I'm afeered things are going to change radically if the changes are passed.I don't think [my opinion] the changes will benefit hunters much.


----------



## McBeeVee (Jun 6, 2012)

turkeyhunter835 said:


> so I will be able to fish with it showing on my side?



If you carrying openly you don't even have to have a license in Georgia while hunting or fishing..

See O.C.G.A. 16-11-126


> f) Any person with a valid hunting or fishing license on his or her person, or any person not required by law to have a hunting or fishing license, who is engaged in legal hunting, fishing, or sport shooting when the person has the permission of the owner of the land on which the activities are being conducted may have or carry on his or her person a handgun or long gun without a valid weapons carry license while hunting, fishing, or engaging in sport shooting.


----------



## McBeeVee (Jun 6, 2012)

crackerdave said:


> Good advice!
> 
> I'm afeered things are going to change radically if the changes are passed.I don't think [my opinion] the changes will benefit hunters much.



What changes are you "afeered" of? I've been so busy lately I haven't been keeping up with any proposed rule changes.


----------



## cowhornedspike (Jun 6, 2012)

McBeeVee said:


> If you carrying openly you don't even have to have a license in Georgia while hunting or fishing..
> 
> See O.C.G.A. 16-11-126



Not sure that applies to WMA land though.  I'll look it up when I get a minute.


----------



## McBeeVee (Jun 6, 2012)

After rereading the laws, I think you might be correct since WMAs were only taken off the offlimits list in 2008 and it expressly says that you must have a GWL. 

This seems like something that needs to be addressed in Atlanta. With the right license (either hunting or fishing, if required) then the state has given permission for one to participate in the specified activity on the property. I see this as no different than me giving someone the right to fish on my property. 

Thanks for catching my mistake cowhornedspike.


----------



## JohnnyWalker (Jun 14, 2012)

Slingblade said:


> Also, you don't have to conceal since your license is for "carry"
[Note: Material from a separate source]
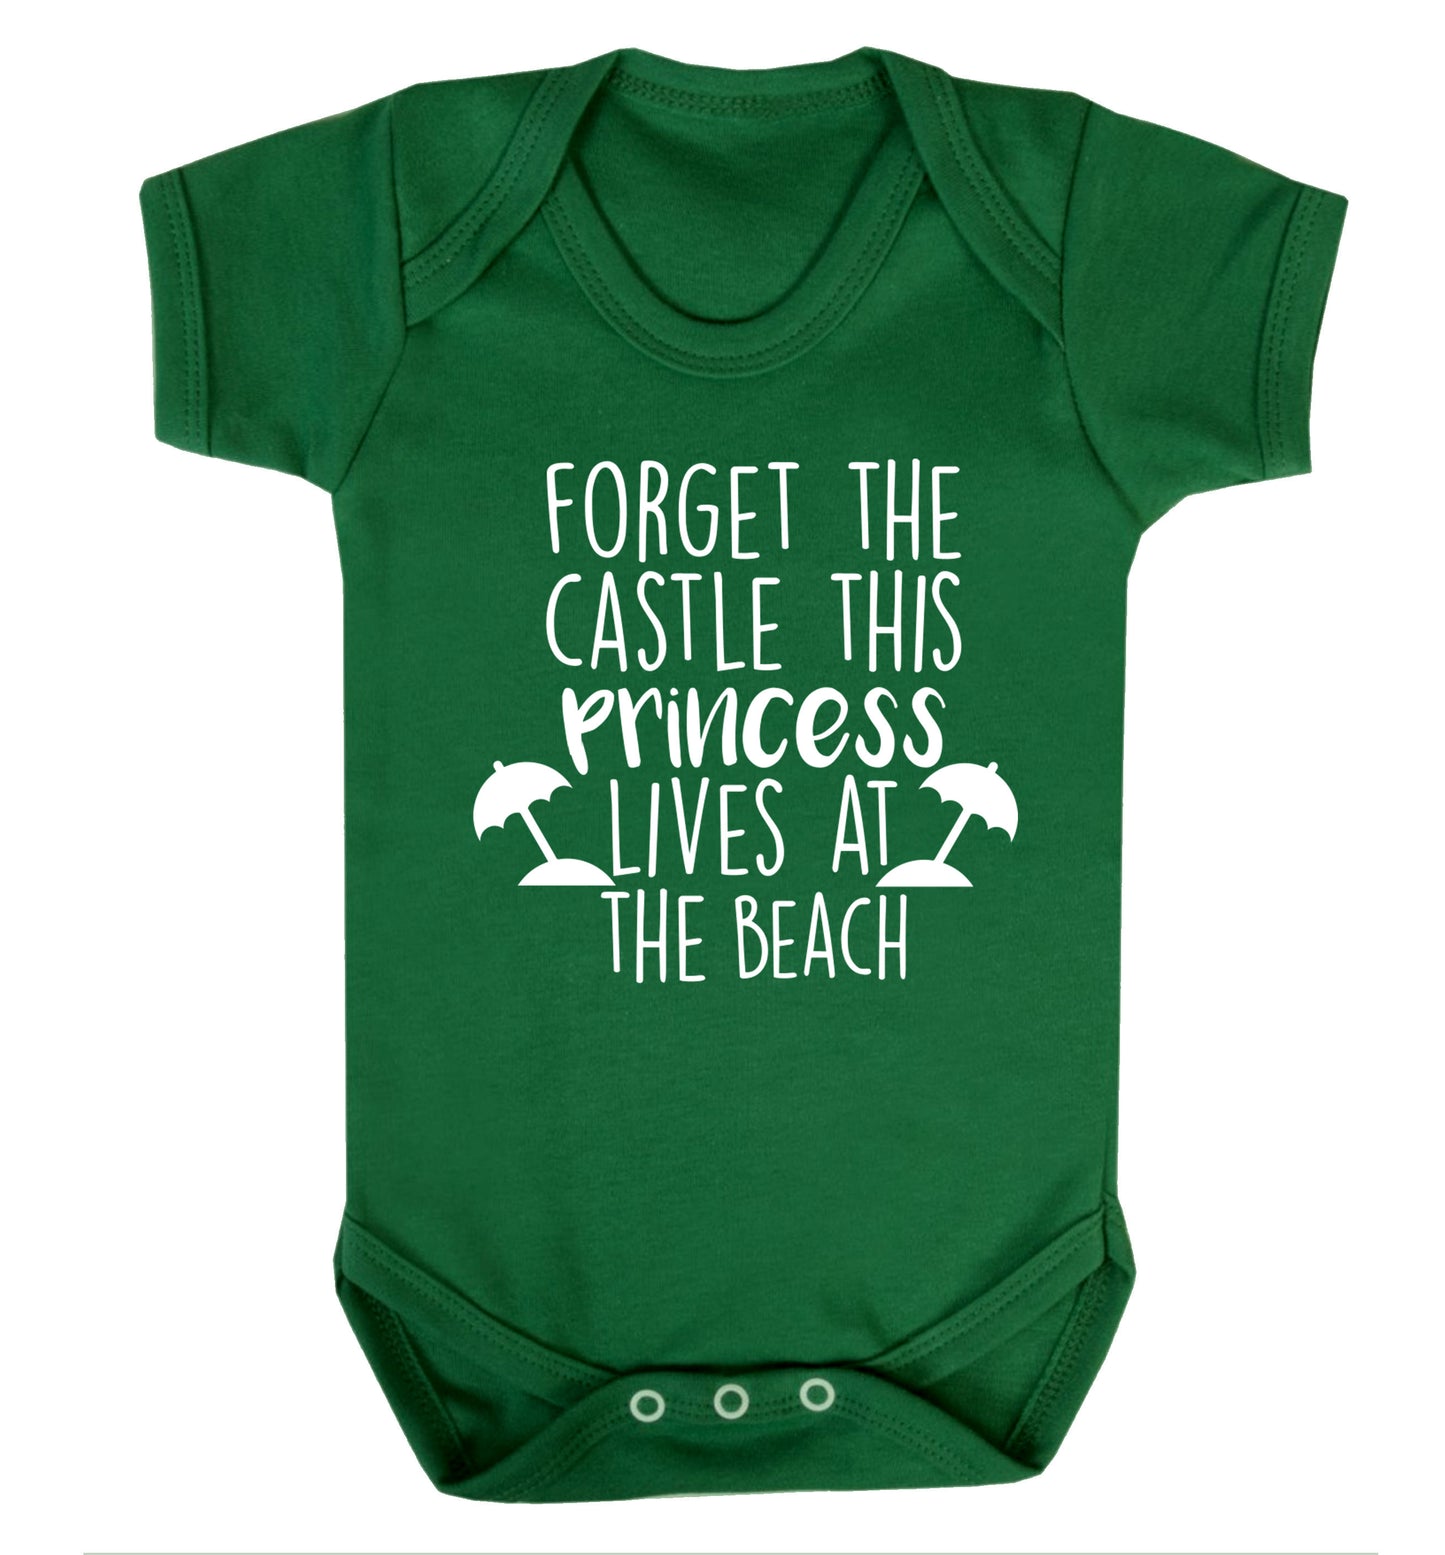 Forget the castle this princess lives at the beach Baby Vest green 18-24 months
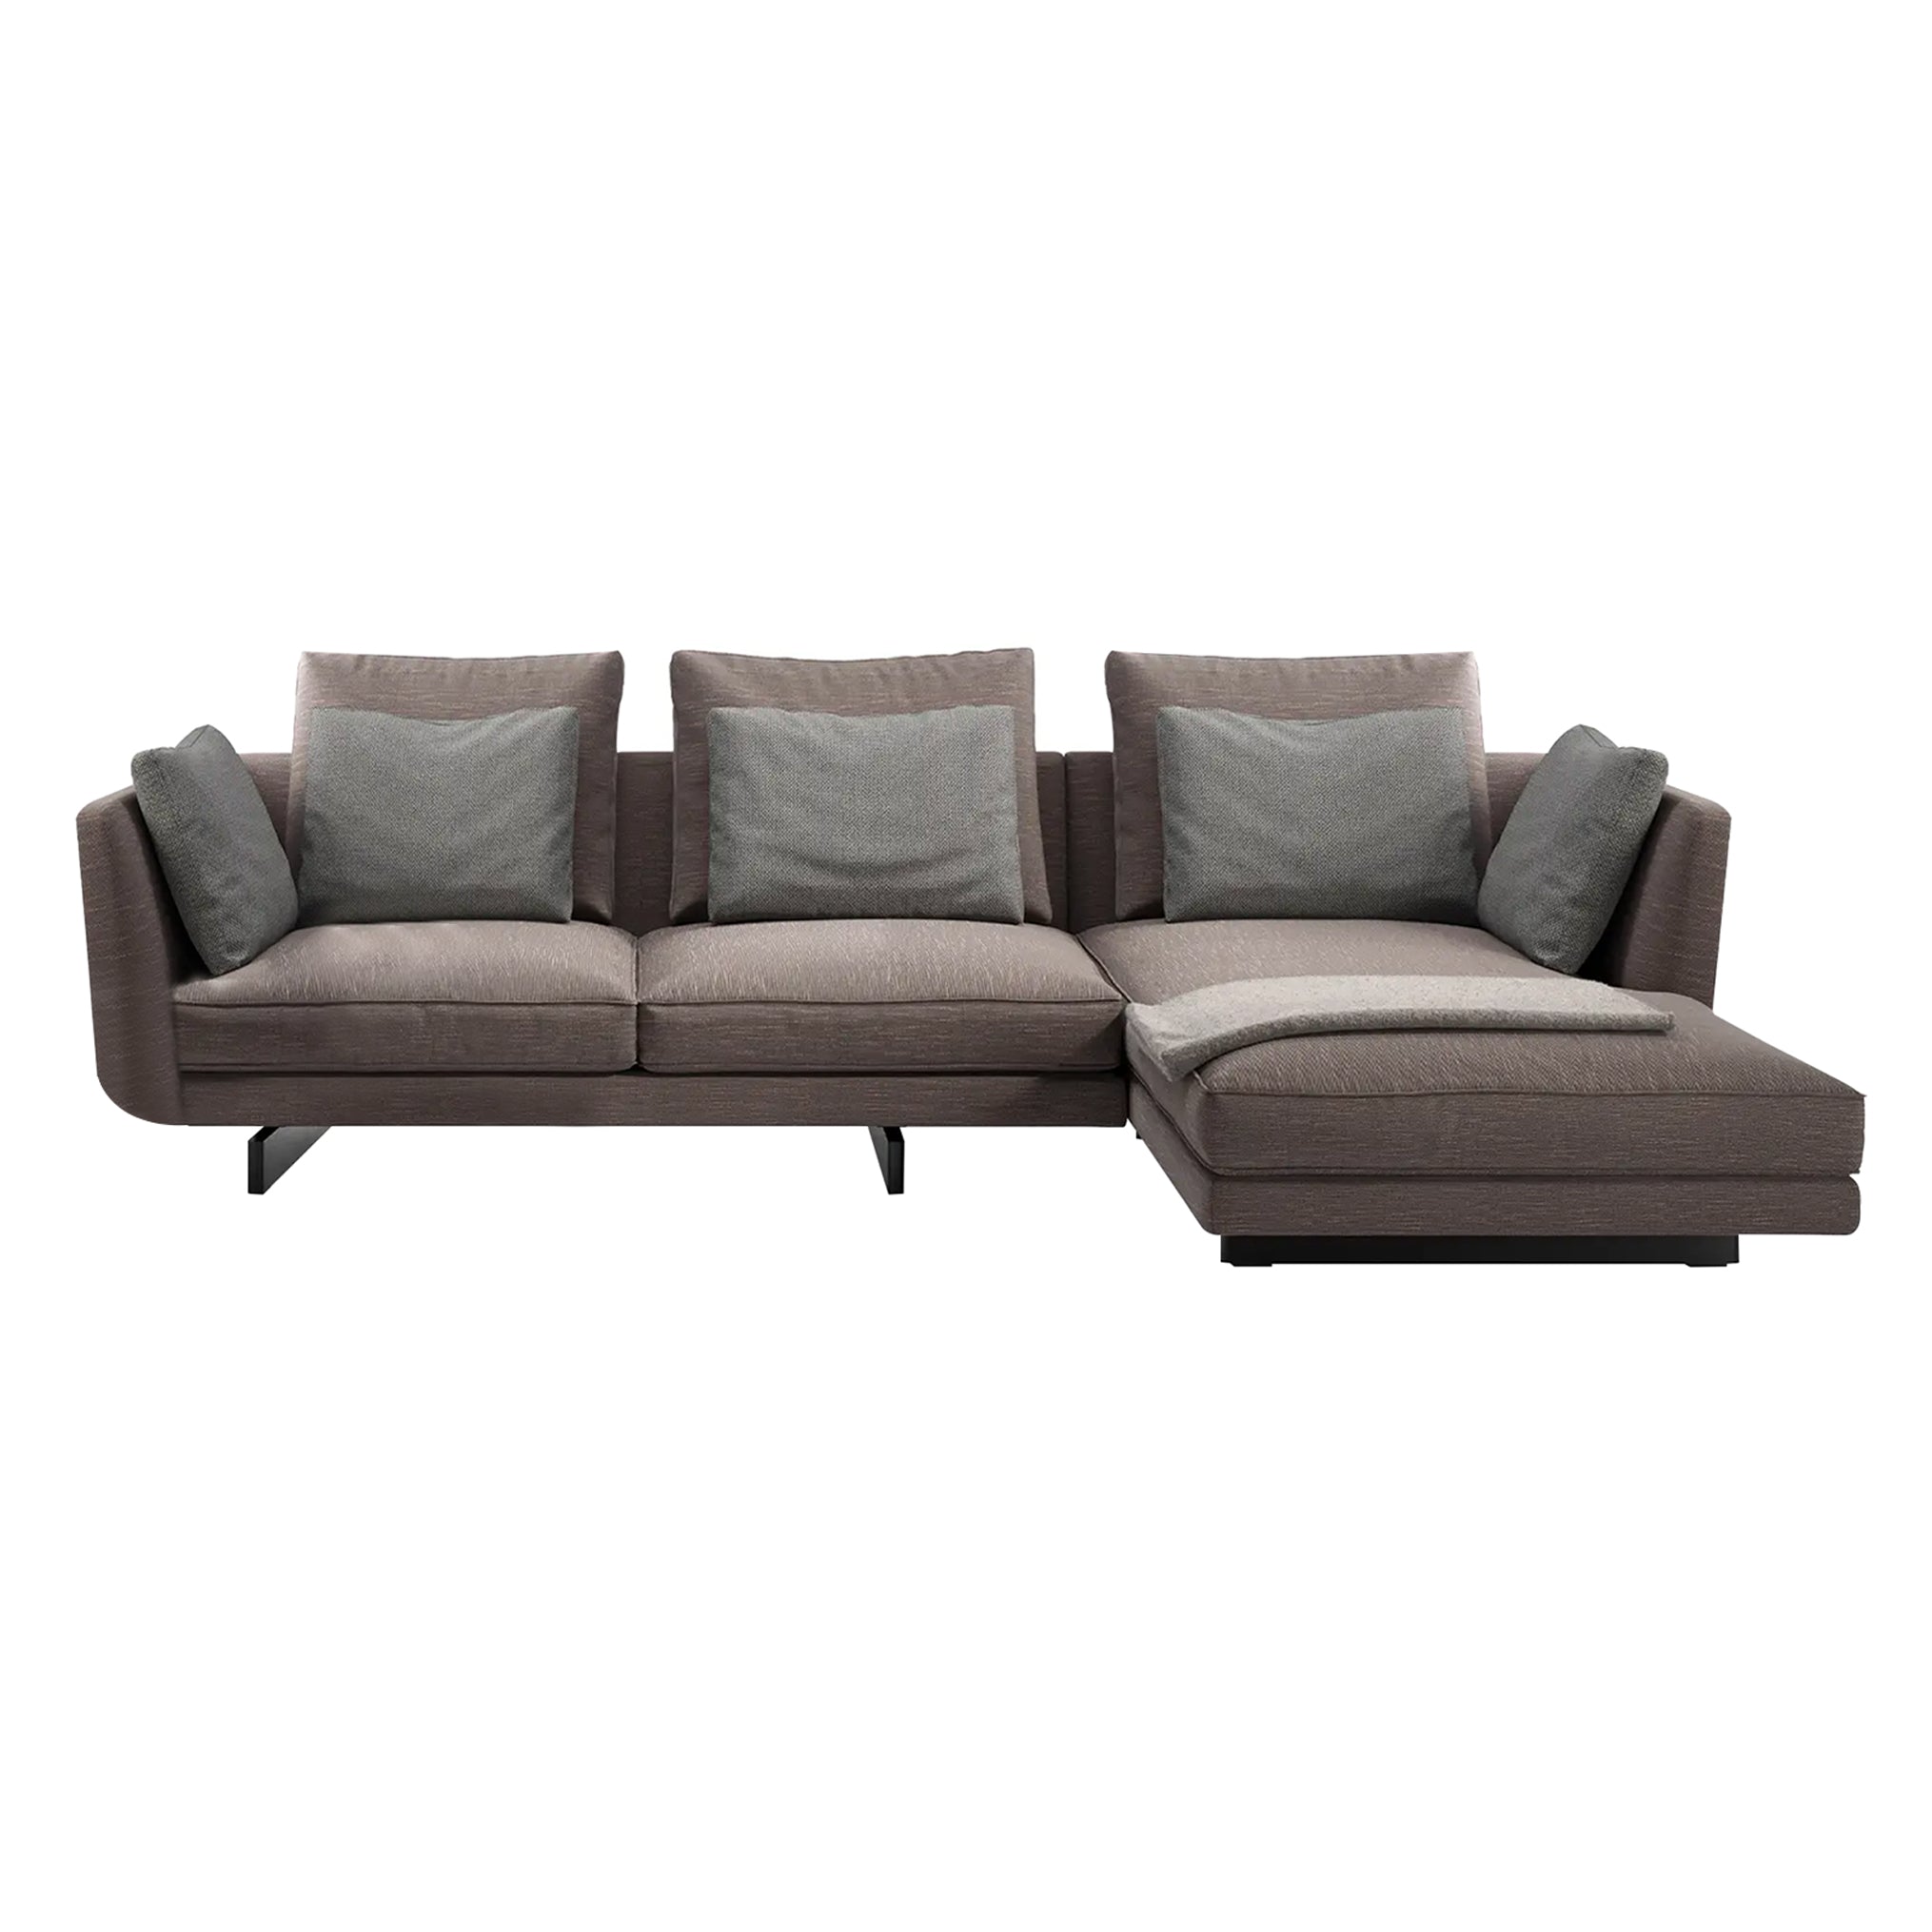 Savoy Sectional Sofa: Composition 1 + Right

Just a little clarification here.  If you are on a WMA during the off-season for hunting you may not carry at all if you do not have a concealed carry permit.
Also if you do not have a hunting permit on the WMA during the hunting season you cannot carry without a concealed carry permit.


----------



## turkeyhunter835 (Jun 14, 2012)

Thanks for the replys!


----------



## McBeeVee (Jun 15, 2012)

JohnnyWalker said:


> Just a little clarification here.  If you are on a WMA during the off-season for hunting you may not carry at all if you do not have a concealed carry permit.
> Also if you do not have a hunting permit on the WMA during the hunting season you cannot carry without a concealed carry permit.



Georgia does not issue a concealed carry permit. We have a Weapons License. Before that we had a Firearms License.


----------